Add the eight signed 8-bit values in m1 to the eight signed 8-bit values in m2 using saturating arithmetic.

__m64 _m_paddsw(__m64 m1, __m64 m2)

Add the four signed 16-bit values in m1 to the four signed 16-bit values in m2 using saturating arithmetic.

__m64 _m_paddusb(__m64 m1, __m64 m2)

Add the eight unsigned 8-bit values in m1 to the eight unsigned 8-bit values in m2 and using saturating arithmetic.

__m64 _m_paddusw(__m64 m1, __m64 m2)

Add the four unsigned 16-bit values in m1 to the four unsigned 16-bit values in m2 using saturating arithmetic.

__m64 _m_psubb(__m64 m1, __m64 m2)

Subtract the eight 8-bit values in m2 from the eight 8-bit values in m1.

__m64 _m_psubw(__m64 m1, __m64 m2)

Subtract the four 16-bit values in m2 from the four 16-bit values in m1.

__m64 _m_psubd(__m64 m1, __m64 m2)

Subtract the two 32-bit values in m2 from the two 32-bit values in m1.

__m64 _m_psubsb(__m64 m1, __m64 m2)

Subtract the eight signed 8-bit values in m2 from the eight signed 8-bit values in m1 using saturating arithmetic.

__m64 _m_psubsw(__m64 m1, __m64 m2)

Subtract the four signed 16-bit values in m2 from the four signed 16-bit values in m1 using saturating arithmetic.

__m64 _m_psubusb(__m64 m1, __m64 m2)

Subtract the eight unsigned 8-bit values in m2 from the eight unsigned 8-bit values in m1 using saturating arithmetic.

__m64 _m_psubusw(__m64 m1, __m64 m2)

Subtract the four unsigned 16-bit values in m2 from the four unsigned 16-bit values in m1 using saturating arithmetic.
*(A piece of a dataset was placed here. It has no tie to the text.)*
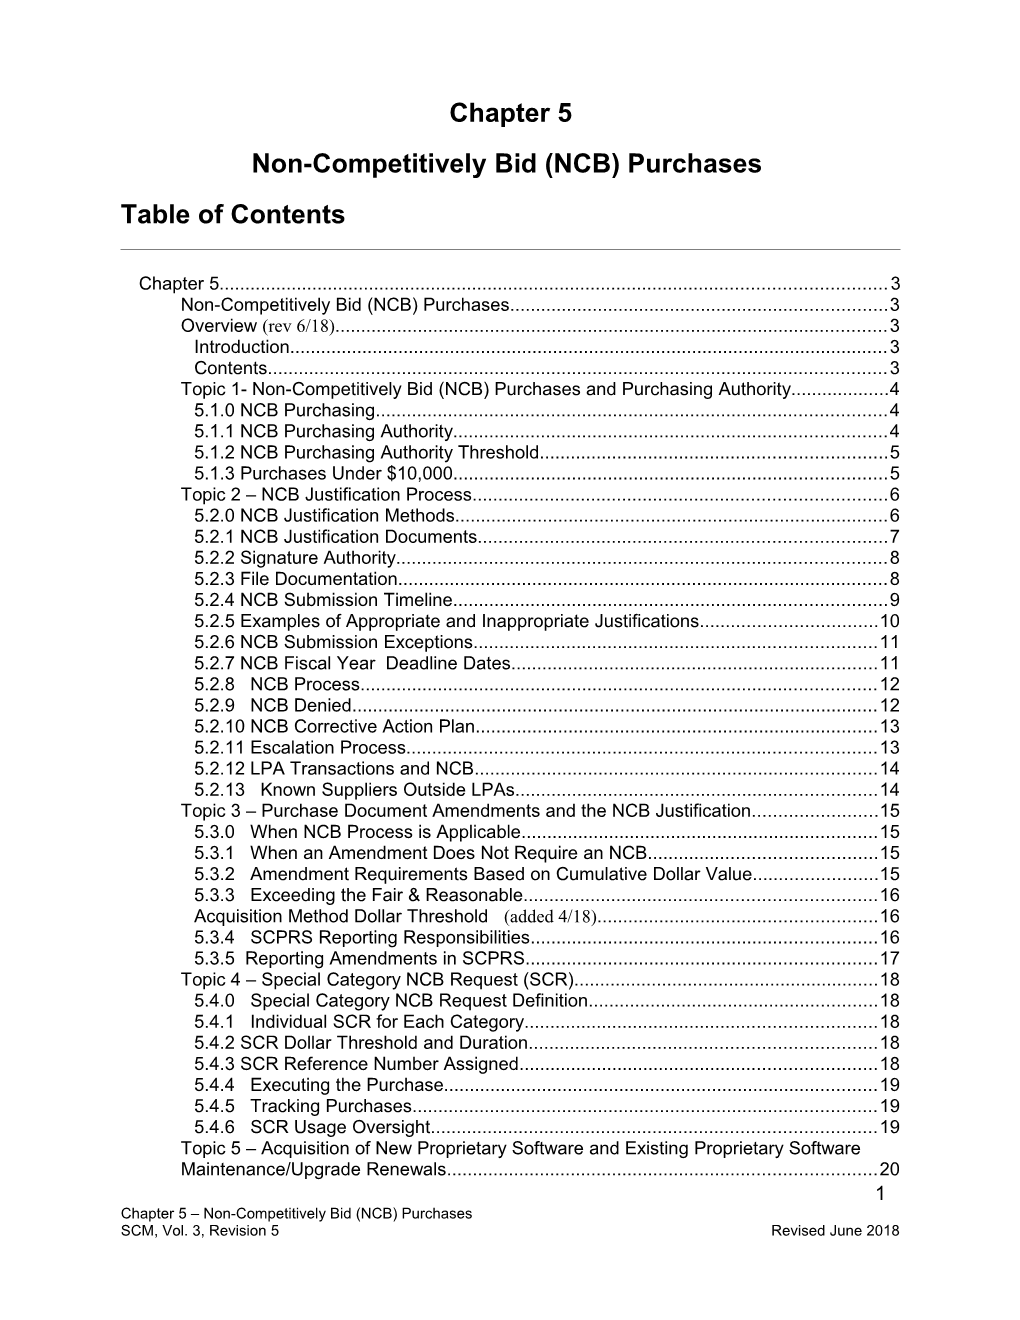 Non-Competitively Bid (NCB) Purchases

__m64 _m_pmaddwd(__m64 m1, __m64 m2)

Multiply four 16-bit values in m1 by four 16-bit values in m2 producing four 32-bit intermediate results, which are then summed by pairs to produce two 32-bit results.

__m64 _m_pmulhw(__m64 m1, __m64 m2)

Multiply four signed 16-bit values in m1 by four signed 16-bit values in m2 and produce the high 16 bits of the four results.

__m64 _m_pmullw(__m64 m1, __m64 m2)

Multiply four 16-bit values in m1 by four 16-bit values in m2 and produce the low 16 bits of the four results.